1.2.2 MTHFR、AKR1B1基因甲基化水平檢測 通過基于下一代測序的亞硫酸氫鹽測序（BSP）評估基因特異性DNA甲基化。首先針對目標區域或位點，完成重亞硫酸鹽修飾的基因組DNA序列PCR（BS-PCR）引物設計和合成，使用在線MethPrimer軟件設計BSP引物。使用ZYMO EZ DNA Methylation-GoldTM Kit轉換1 μg基因組DNA，使用KAPA HiFi HotStart Uracil+ReadyMix PCR試劑盒將二十分之一的洗脫產物用作35個循環的聚合酶鏈式反應（PCR）擴增模板。對于每個樣本，將多個基因的BSP產物平均匯集，5'-磷酸化，3'-dA尾，并使用T4 DNA連接酶（NEB）連接到條形碼適配器。在Illumina平臺上對所有樣本的條形碼庫進行測序[5]。C位點的甲基化水平=支持甲基化的reads數/（支持甲基化的reads數+支持非甲基化的reads數），引物由上海捷瑞公司設計合成，引物序列：

MTHFR

上游5'-TAGATTTAGGTACGTGAAGTAGGGTAGAC-3'，

下游5'-GAAAAACTAATAAAAAACCGACGAA-3'；

AKR1B1

上游5'-GGGTTATTTAAAGGTATGTGTT-3'，

下游5'-AACACCATTATTAAACAAAAA-3'；

U6（內參）

上游5'-TTTAGGTATGTGAAGTAGGGTAGATGT-3'，

下游5'-CAAAAAACTAATAAAAAAAACCAACAAA-3'。

1.3 觀察指標 ①比較兩組患者的一般資料。②比較兩組患者MTHFR與AKR1B1基因甲基化水平。③分析DN組患者AKR1B1基因甲基化水平與一般資料中差異有統計學意義的指標的相關性。

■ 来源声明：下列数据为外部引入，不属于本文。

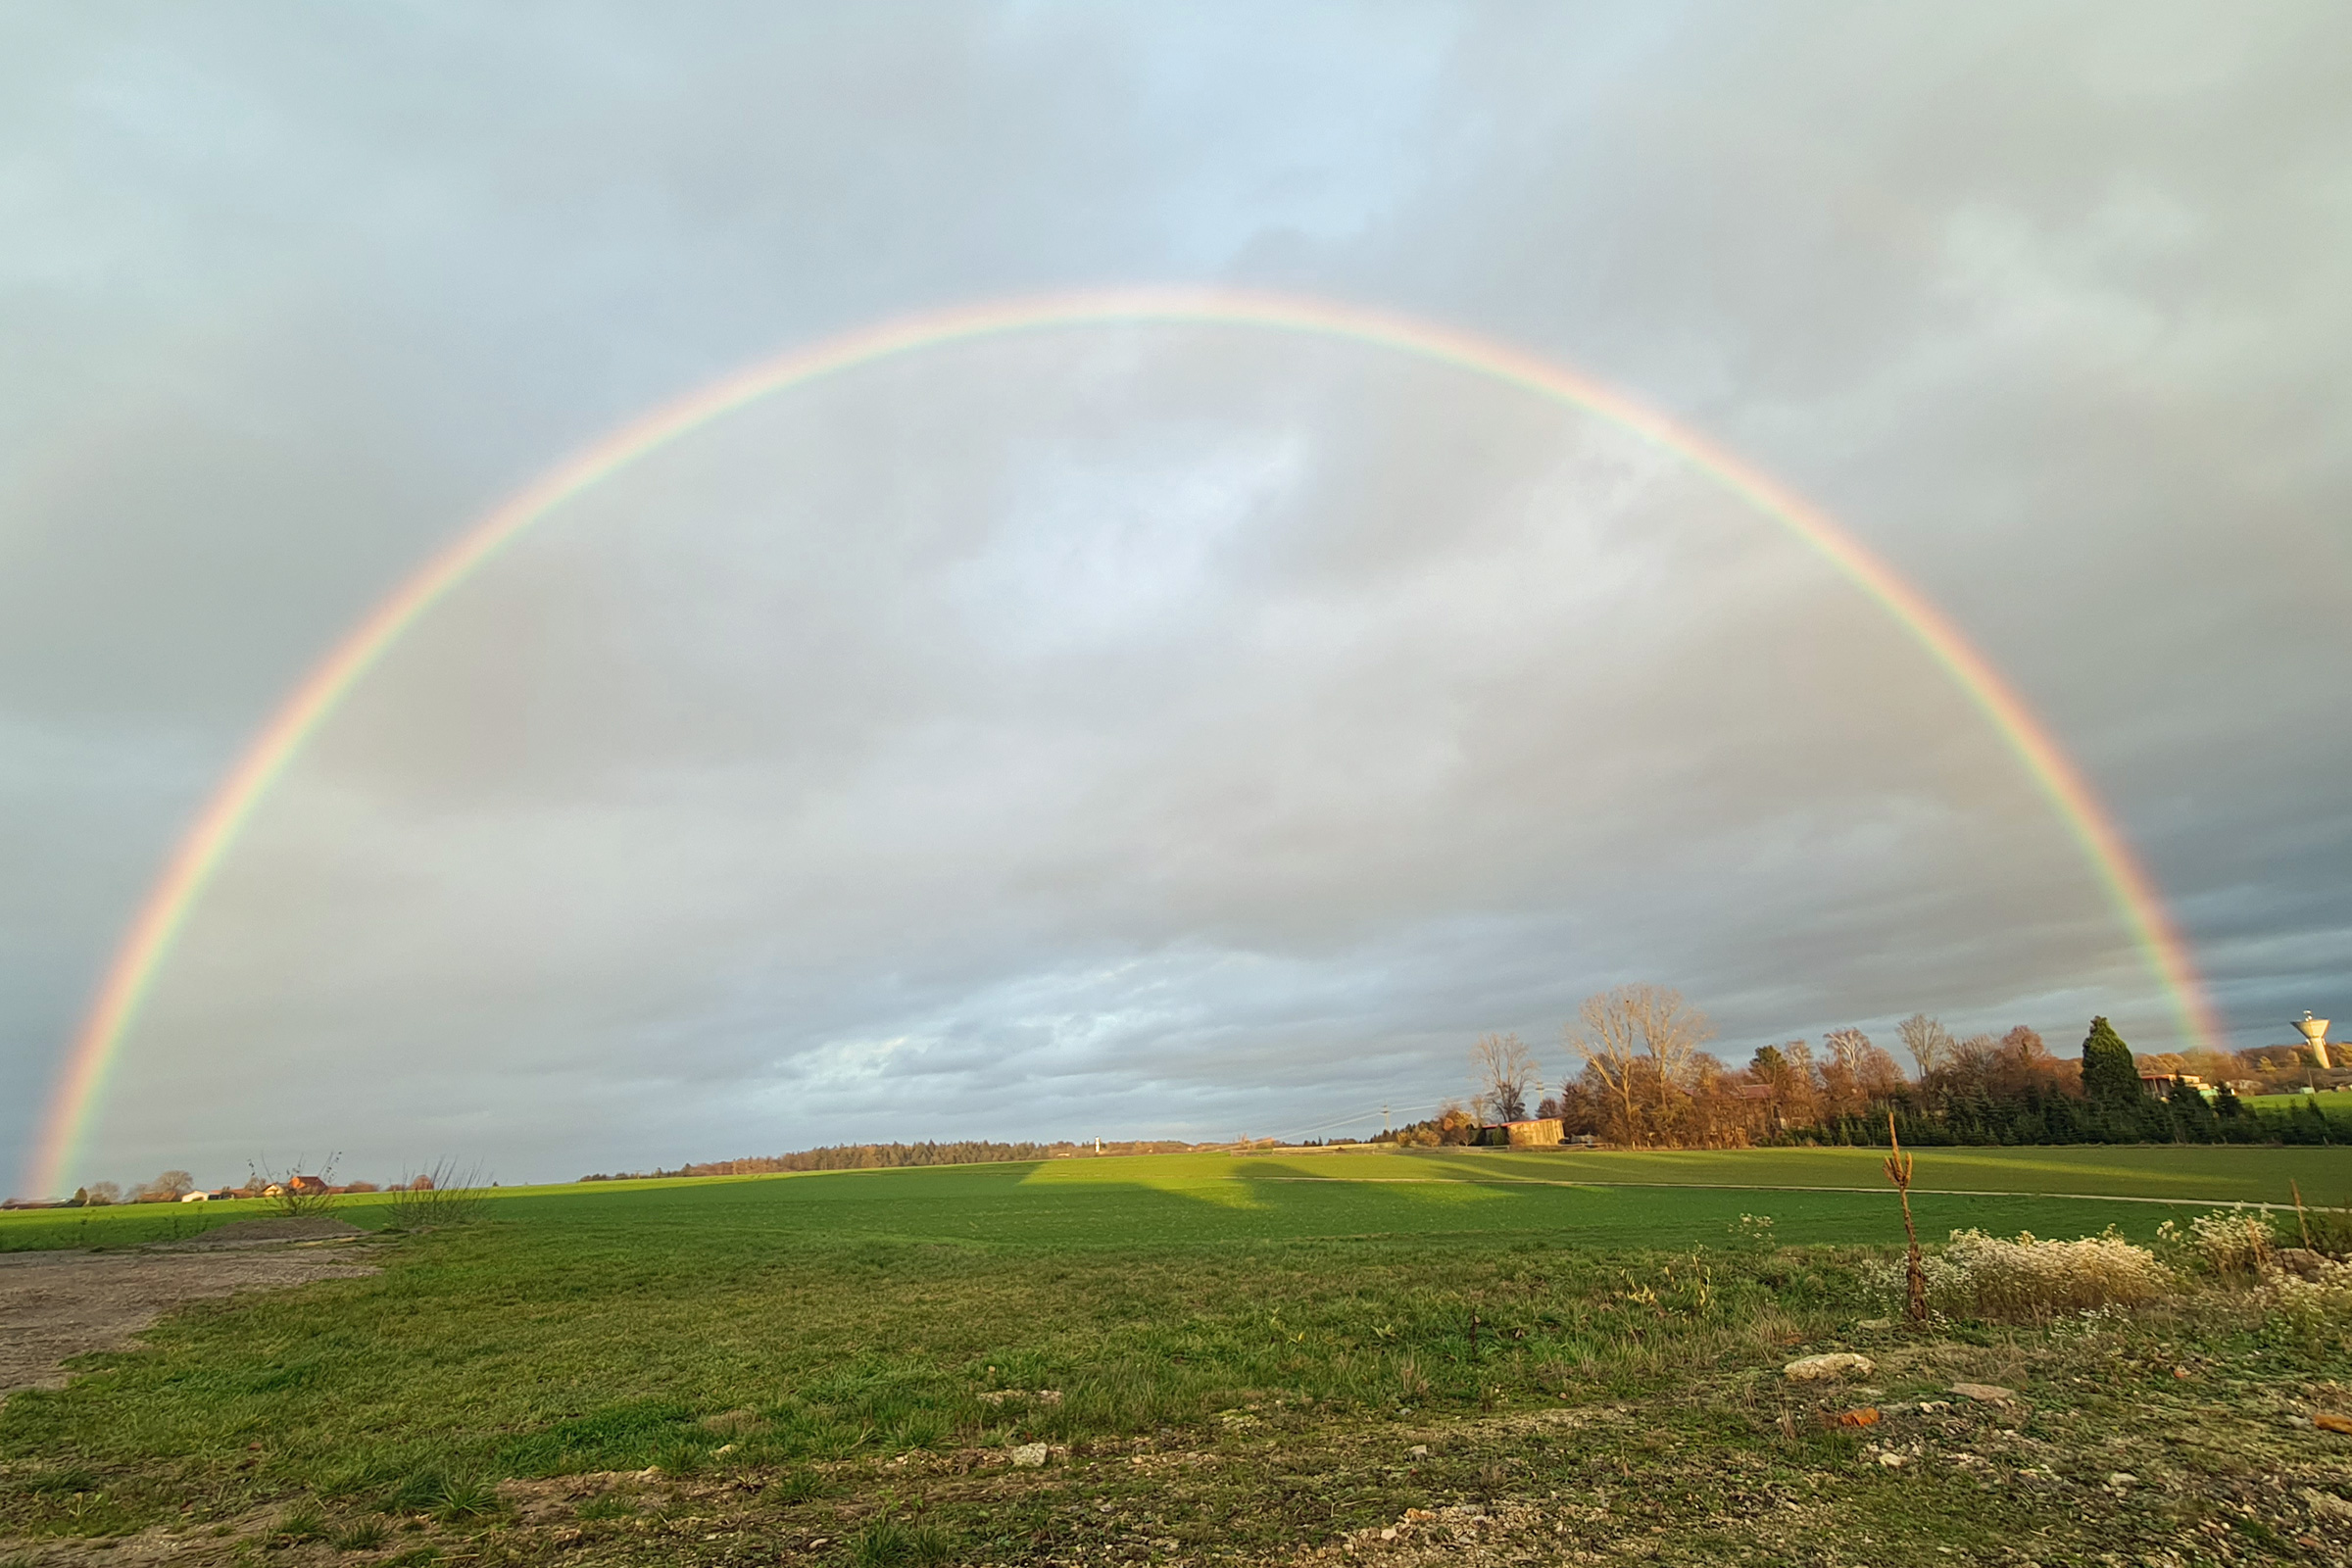 Regenbogen über dem Feld

1.4 統計學方法 應用SPSS 23.0統計學軟件分析數據，計數資料包含臨床療效，以[例（%）]表示，組間比較采用χ2檢驗；符合正態分布的計量資料采用（ x ±s）表示，組間比較采用單因素方差分析，不符合正態分布的計量資料使用中位數（四分位數間距） [M（P25，P75）]進行描述，組間比較采用Mann-Whitney U檢驗，采用Pearson法進行相關性分析。以P<0.05為差異有統計學意義。

2 結果

2.1 兩組患者臨床資料比較 DN組患者HbA1c水平、FBG、2 h PG、Scr、BUN及UACR水平均高于DM組，eGFR低于DM組，差異均有統計學意義（均P<0.05）；兩組患者性別、年齡、BMI、病程、SBP、DBP、ALT、AST、TBiL、DBiL、PT、WBC、Hb、FiB、CHOL、HDL、LDL、TG比較，差異均無統計學意義（均P>0.05），見表1。

2.2 兩組患者基因AKR1B1和MTHFR甲基化水平比較 DN組AKR1B1甲基化水平低于DM組，差異有統計學意義（P<0.05），DN組MTHFR甲基化水平高于DM組，但差異無統計學意義（P>0.05），見表2。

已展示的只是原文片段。